Risks related to legal proceedings

The complexity of the relationships with third parties (customers, subcontractors/suppliers and partners) and of the content of the systems and products produced, and specific business risks expose the Group to a significant risk of legal disputes. Legal disputes may also regard orders for the adjudication of the tenders. Despite the existence of rigorous risk management processes during both the bidding phase and the operational phase, and the adoption of a prudential approach in the recognition of reserves for project risks, the risk arising from legal disputes could be manifested, thereby causing delays in the execution of the contracts, with negative effects on the activity and on the earnings, capital and financial position of the Company and of the companies of the Group. Risk management processes during both the bidding phase and the operational phase, the careful checking of contractual clauses with the support of legal counsel, and the adoption of a prudential approach to recognising reserves for project risks contribute to mitigating this risk.

Risks related to the need to finance a high level of current activities

The planning and execution of contracts by the Company and the companies of the Group requires an adequate level of financing of current activities. The Group generally finances such activities through the sums paid to it by the contractor in the form of advances and in the form of payments related to the state of completion of the works, and through centralised treasury management. Possible difficulties in negotiating suitable financial conditions, delays and/or interruptions in such payments, and changes to make the payment terms worse than those agreed are situations that could negatively affect the earnings, capital and financial position of the Company and of the companies of the Group. In addition, the Group's organisation in many operating companies could limit the inflow to Ansaldo STS of the cash generated by those companies because of regulatory or tax limitations, due to the companies' financial needs or other factors. A commercial/operational policy for the contracts attentive to financial aspects and centralised treasury management are factors that contribute to mitigating this risk.

Risks related to Ansaldo STS' capacity to secure guarantees

The nature of the projects of the Company and of the companies of the Group requires the release of banking and/or insurance guarantees in favour of the contractor during various phases of the projects (bid bonds, advance payment bonds, performance bonds, retention money bonds, and warranty bonds) and/or guarantees released by the Parent company. The capacity to secure such guarantees at economical conditions depends on the assessment of the earnings, capital and financial position of the Company and of the companies of the Group. In particular, this capacity is generally linked to different valuation indicators, including the analysis of the earnings, capital and financial position of the Company and of the companies of the Group, the analysis of the contract risk, and the experience and competitive positioning in the sector of reference. Ansaldo STS believes that it respects the pertinent valuation indicators. Should this capacity to secure guarantees at economical conditions disappear or diminish, there would be negative effects on the Group's activity, earnings, capital and financial position. At 30 June 2009 the Group had exposure for guarantees equal to EUR 1,328,861 thousand. The earnings, capital and financial solidity of the Company and of the companies of the Group, together with the positive valuation indicators regarding the contracts (monitored during the bid process) and the Group's competitive positioning that can be evidenced are factors that contribute to mitigating this risk.
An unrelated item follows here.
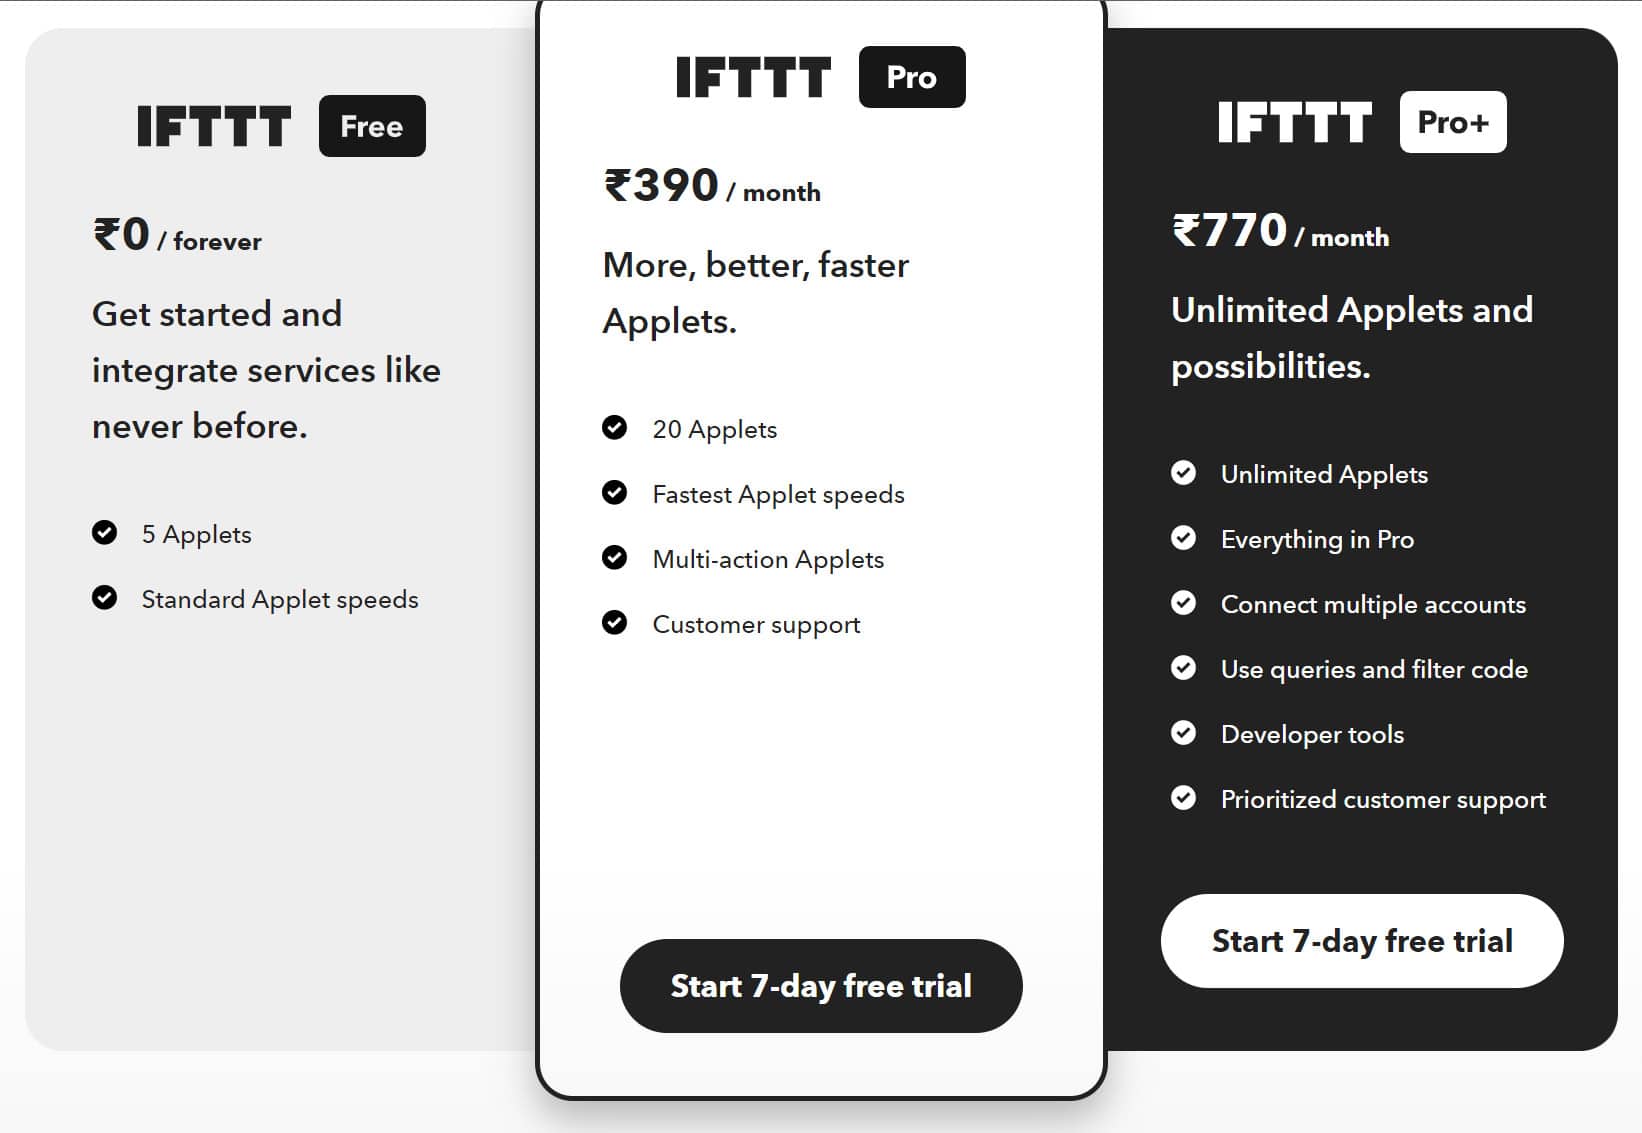 IFTTT - one of the famous social media automation tools

Risks in relation to liability to customers or third parties for defects in the products supplied

Possible design and production defects on the products of the Company and of the companies of the Group could generate civil and criminal liability with respect to customers and/or third parties. Even though the engineering and validation processes are carefully governed, in order to protect against this risk, the Group companies generally make specific provisions and take out specific insurance policies to cover any damages sustained by customers and/or third parties. Events not covered by the insurance policies that cause damages or events covered by the policies that cause damages in excess of the policy limits are events that could have adverse effects on the activity, earnings, capital and financial position of the Company and of the companies of the Group. In addition, the supply of defective products could require additional activities or the possible withdrawal of the products from the market. This eventuality could specifically occur in relation to new products for which the Group has not yet built up significant operating expertise. The costs that might be sustained in relation to the additional activities or to the withdrawal of the products from the market could negatively affect the Group's activity, earnings, capital, financial position and reputation. Cautious governance of the engineering and validation processes, monitoring of returns, together with the budgeting of appropriate reserves in the job-order costs and specific policies to cover damages possibly sustained by customers and/or third parties are factors that contribute to mitigating this risk. The company and the Group are also exposed to financial risks – market (exchange rate and interest rate), liquidity and credit risks : please refer to the related paragraph in the explanatory notes for a description of the same risks and of the risk management processes.